일 실시예에서, 비트 양자화 모듈(2320)이, 선택된 파라미터의 데이터 크기를 비트 단위로 감소시키는 경우, 도 4 내지 도 13을 참조하여 설명한 가중치 커널 양자화 및/또는 활성화 맵 양자화가 실행될 수 있다. In an embodiment, when the bit quantization module 2320 reduces the data size of the selected parameter in bits, the weight kernel quantization and/or activation map quantization described with reference to FIGS. 4 to 13 may be performed.

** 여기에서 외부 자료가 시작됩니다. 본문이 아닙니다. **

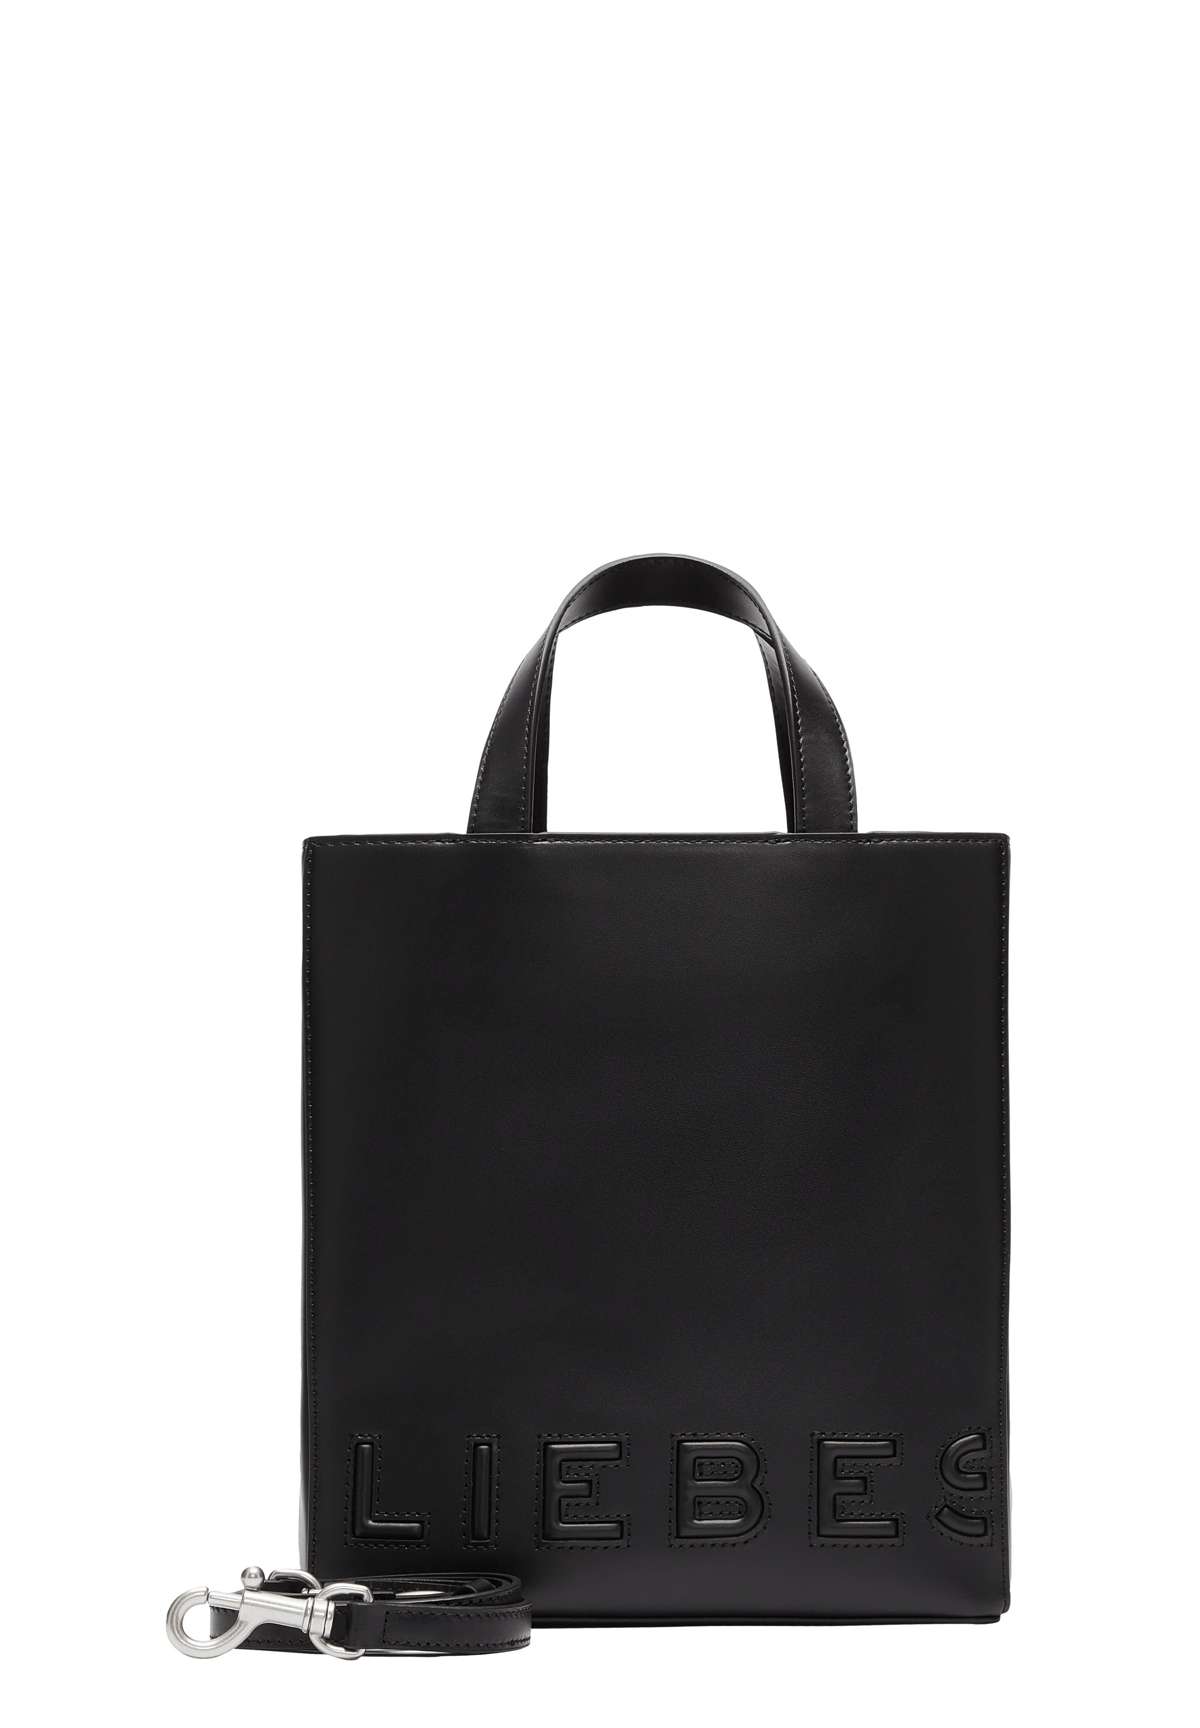 PAPER S KLEINE - Shopping Bag PAPER S KLEINE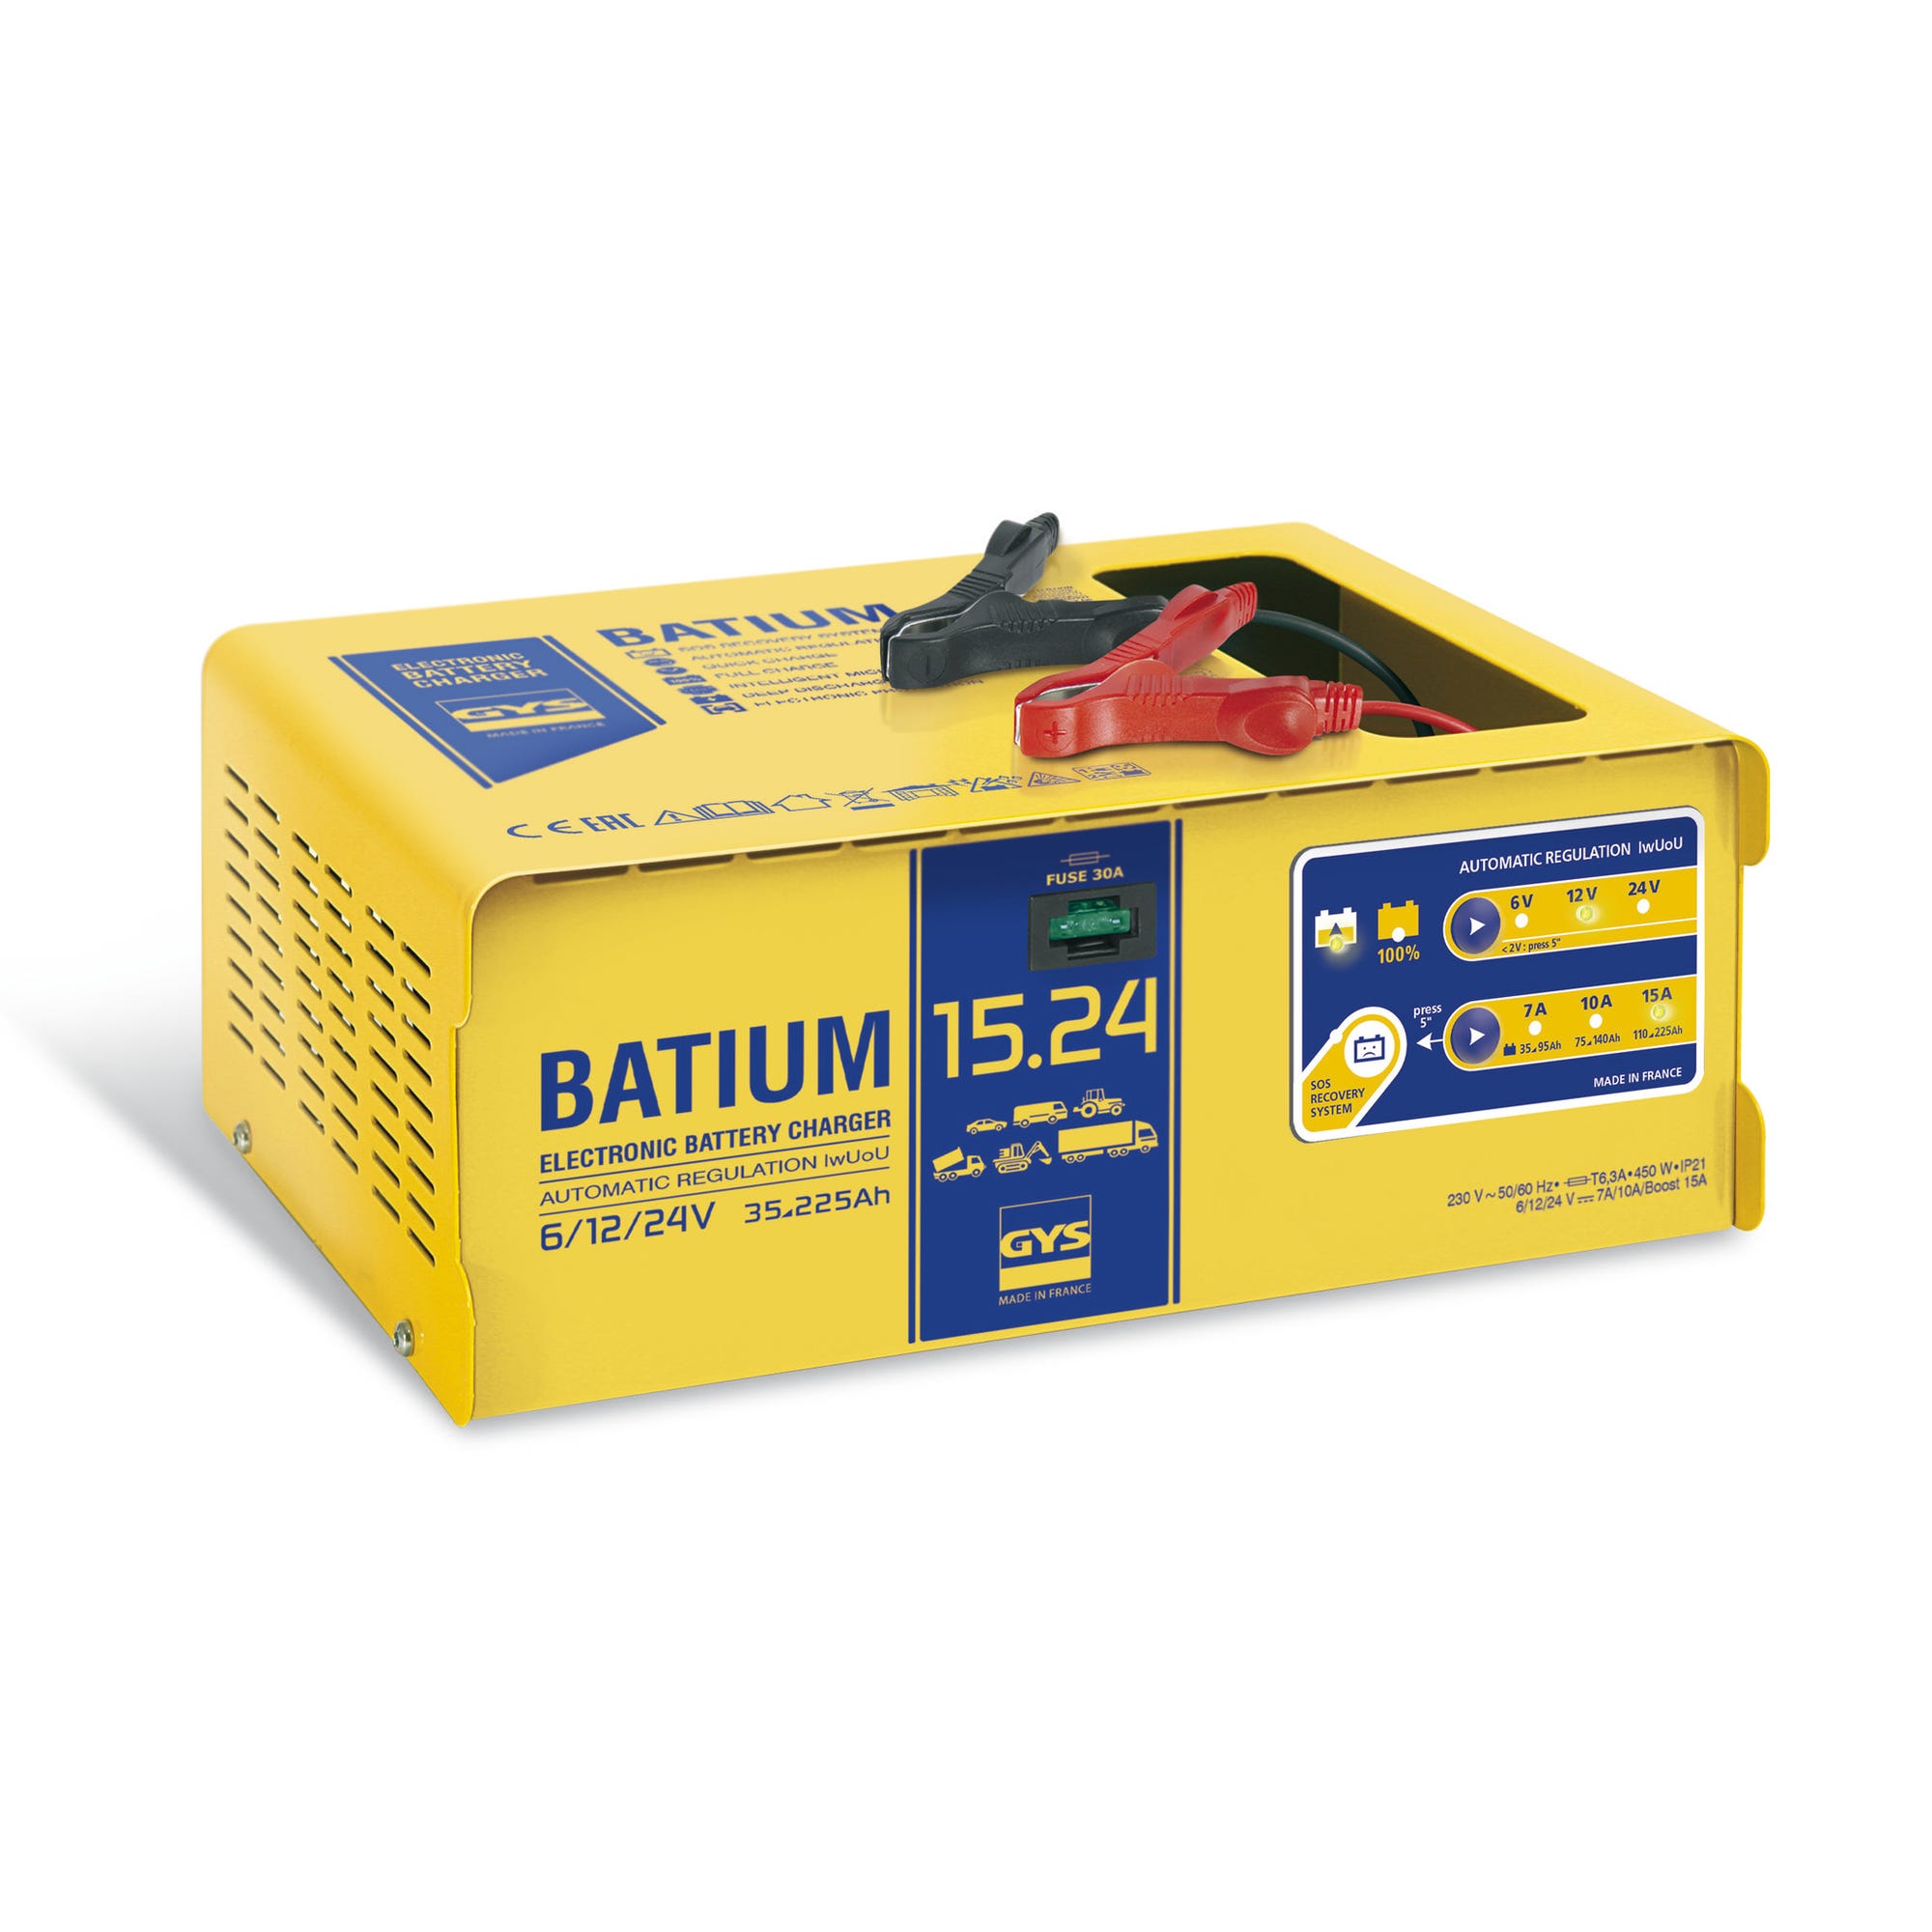 Chargeur batterie automatique 35 à 225ah Batium 15.24 Gys 0

비트 양자화 모듈(2320)이, 선택된 파라미터에 대한 비트 양자화를 완료하면, 비트 양자화된 인공신경망의 정보를 정확도 판단 모듈(2330)로 전송한다. 정확도 판단 모듈(2330)은, 시스템(2300)에 입력된 인공신경망의 구성 정보에 비트 양자화된 인공신경망의 정보를 반영할 수 있다. 비트 양자화 모듈(2320)은, 비트 양자화된 인공신경망의 정보가 반영된 인공신경망의 구성 정보에 기초하여, 인공신경망의 정확도가 사전 결정된 목표값 이상인지 여부를 결정할 수 있다. 예를 들어, 정확도 판단 모듈(2330)은, 인공신경망에서 선택된 파라미터의 데이터를 표현하는 크기를 비트 단위로 감소한 후, 해당 인공신경망의 출력 결과(예를 들어, 인공신경망의 추론 결과)의 정확도가 사전에 결정된 목표값 이상이라면, 추가의 비트 양자화를 실행하여도 인공신경망의 전체 성능을 유지할 수 있다고 예측할 수 있다. When the bit quantization module 2320 completes bit quantization for the selected parameter, the bit quantized artificial neural network information is transmitted to the accuracy determination module 2330 . The accuracy determination module 2330 may reflect bit-quantized information of the artificial neural network to the configuration information of the artificial neural network input to the system 2300 . The bit quantization module 2320 may determine whether the accuracy of the artificial neural network is equal to or greater than a predetermined target value, based on the configuration information of the artificial neural network in which the bit-quantized information of the artificial neural network is reflected. For example, the accuracy determination module 2330 decreases the size of the data representing the data of the selected parameter in the artificial neural network in bits, and then the accuracy of the output result of the corresponding artificial neural network (eg, the inference result of the artificial neural network) is If it is more than a predetermined target value, it can be predicted that the overall performance of the artificial neural network can be maintained even if additional bit quantization is performed.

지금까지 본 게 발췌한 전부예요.